**Problem to solve:**
Without changing a word, return the listing below, minus its images.

**Raw data:**
Content starts
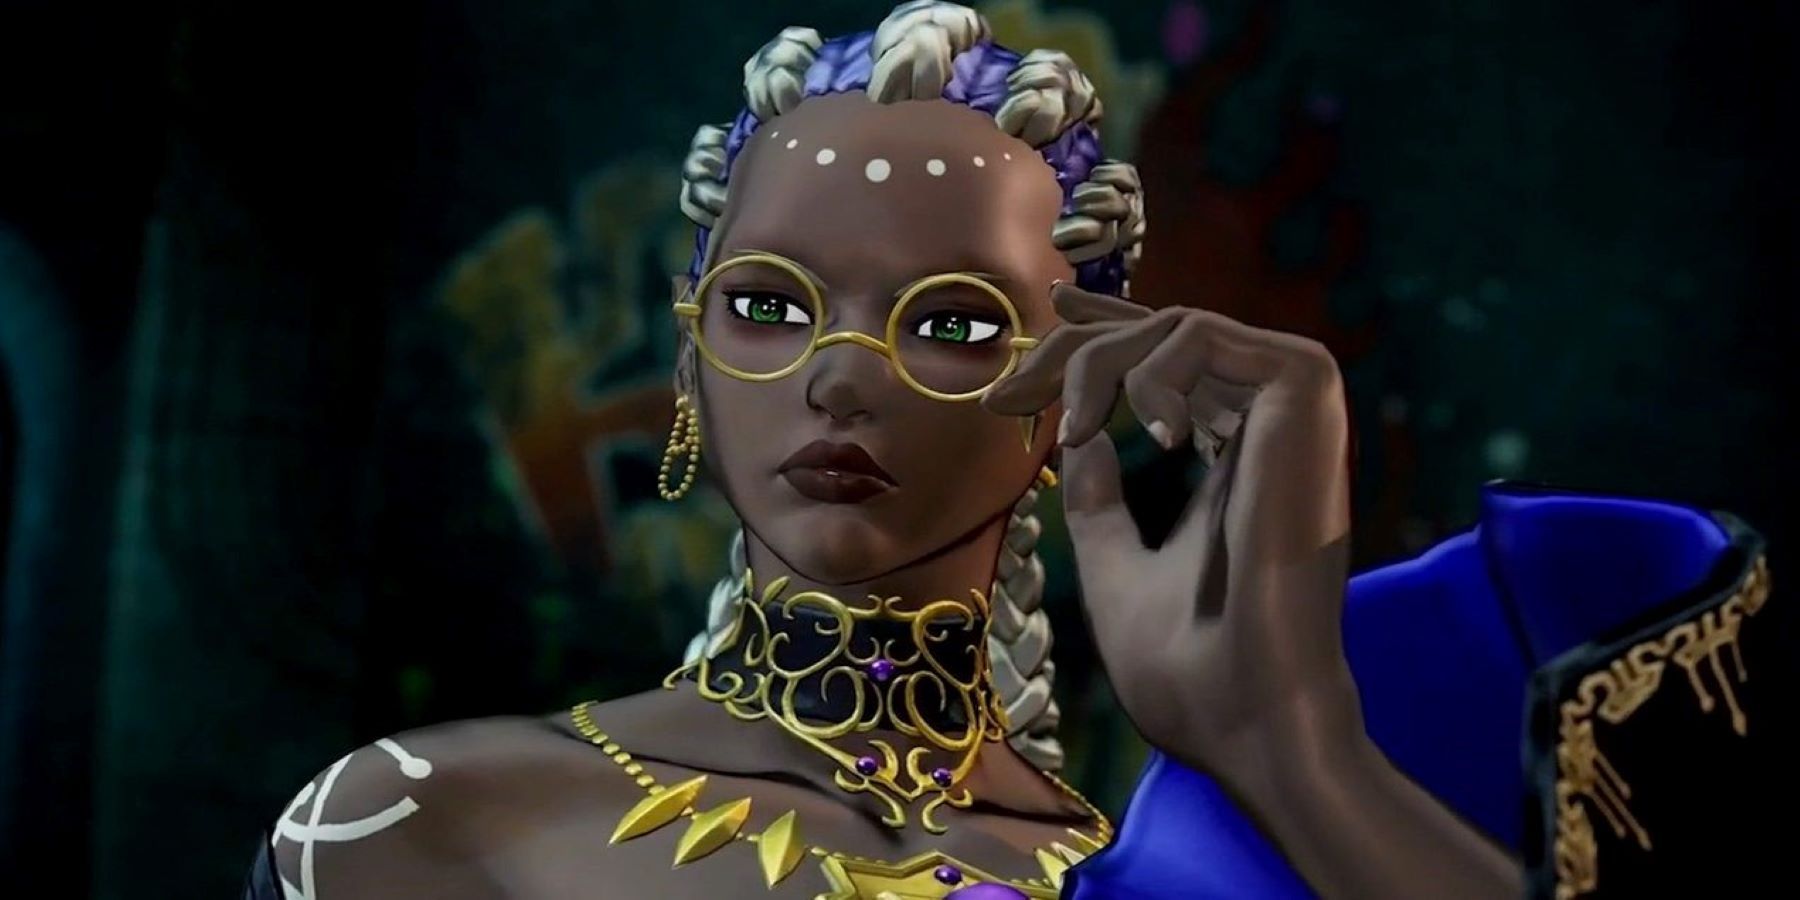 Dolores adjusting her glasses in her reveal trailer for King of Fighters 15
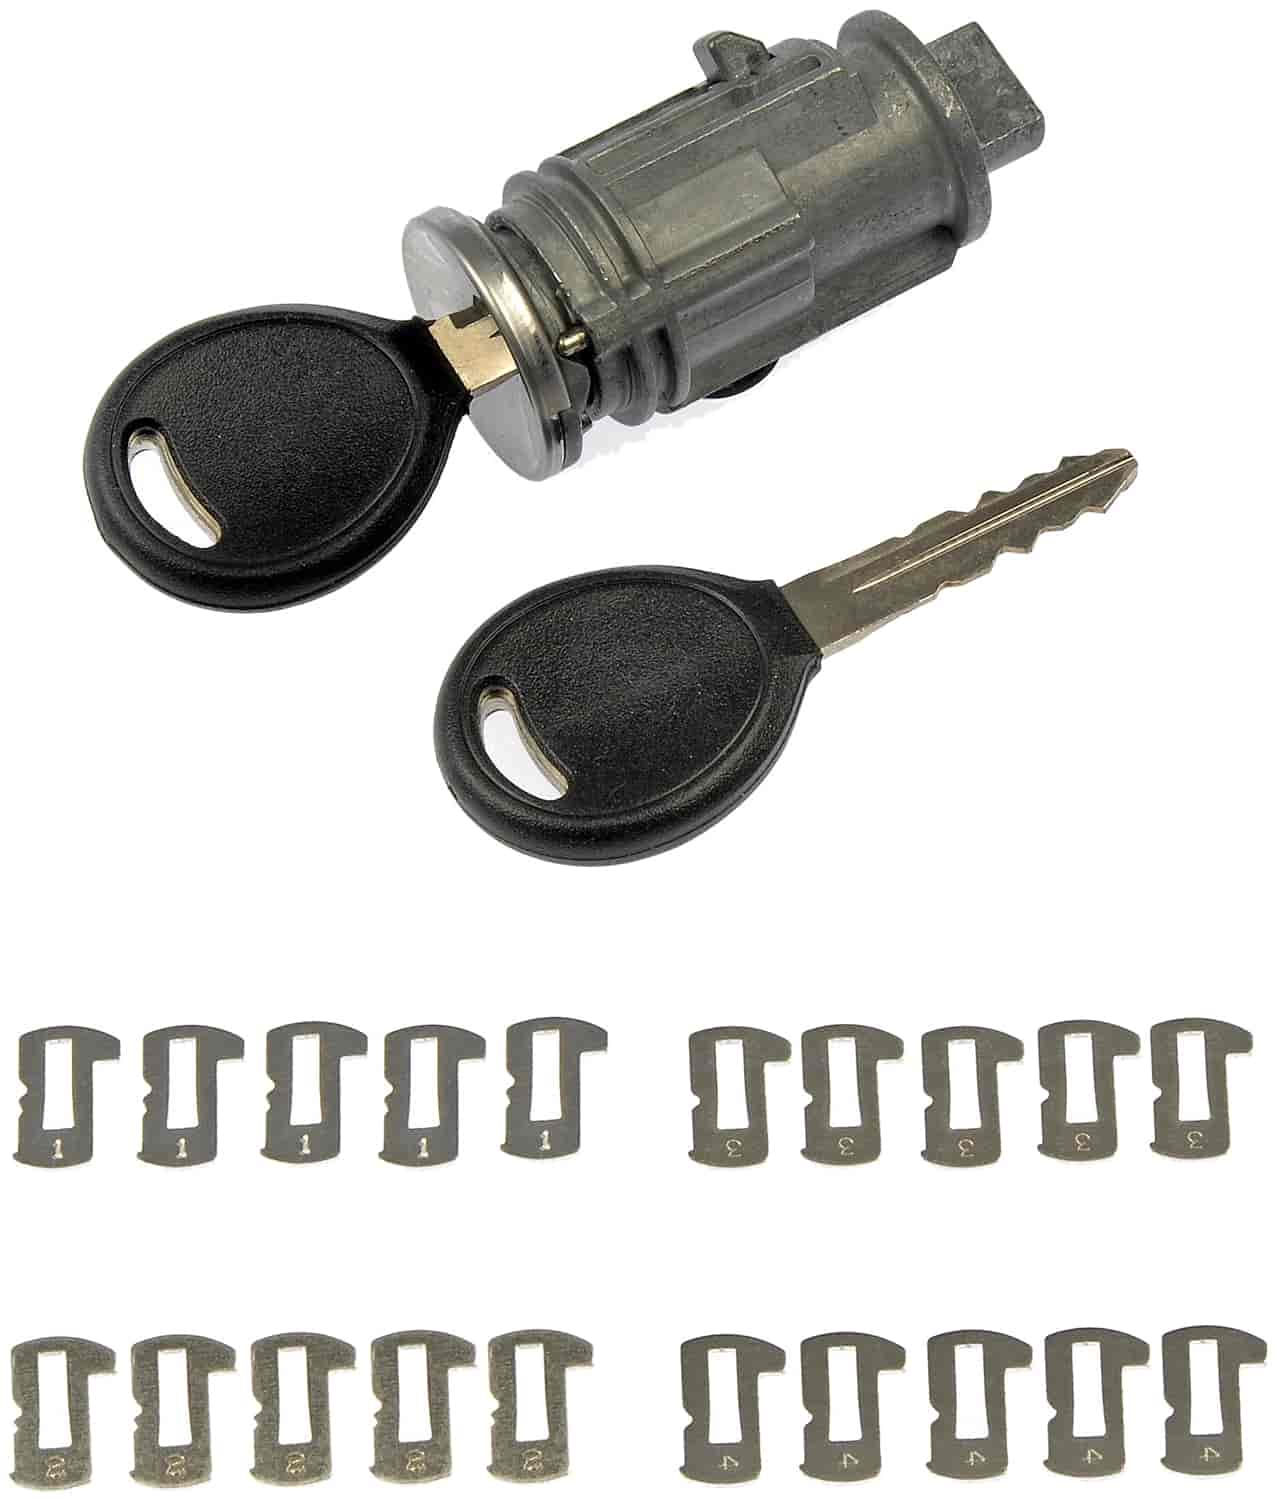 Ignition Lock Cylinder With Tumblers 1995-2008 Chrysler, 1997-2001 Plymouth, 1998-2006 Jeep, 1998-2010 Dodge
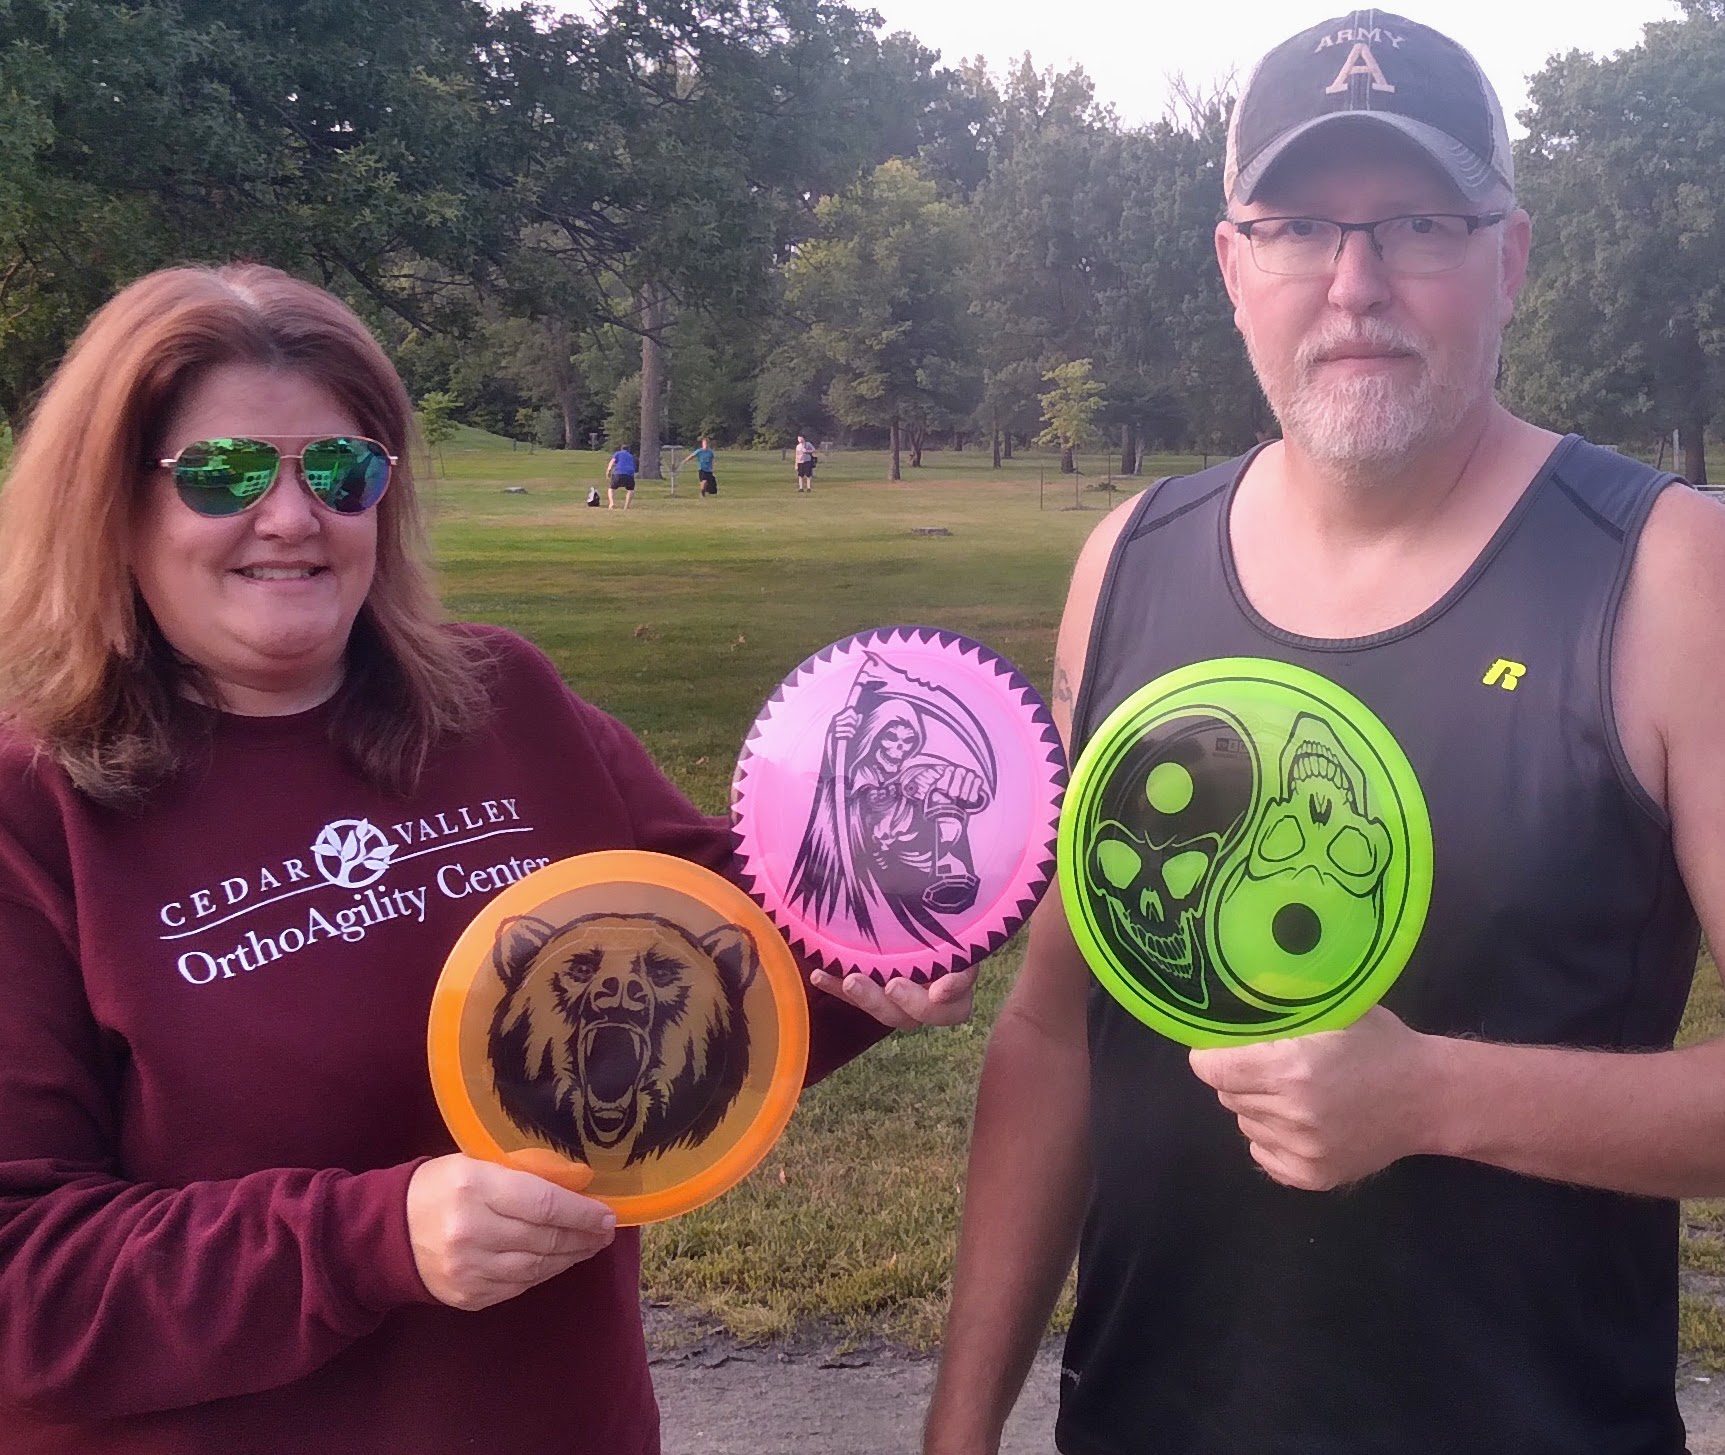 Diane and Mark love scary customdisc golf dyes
Content ends
**Problem solution:**
 Dolores adjusting her glasses in her reveal trailer for King of Fighters 15
 Ignition Lock Cylinder With Tumblers 1995-2008 Chrysler, 1997-2001 Plymouth, 1998-2006 Jeep, 1998-2010 Dodge
 Diane and Mark love scary customdisc golf dyes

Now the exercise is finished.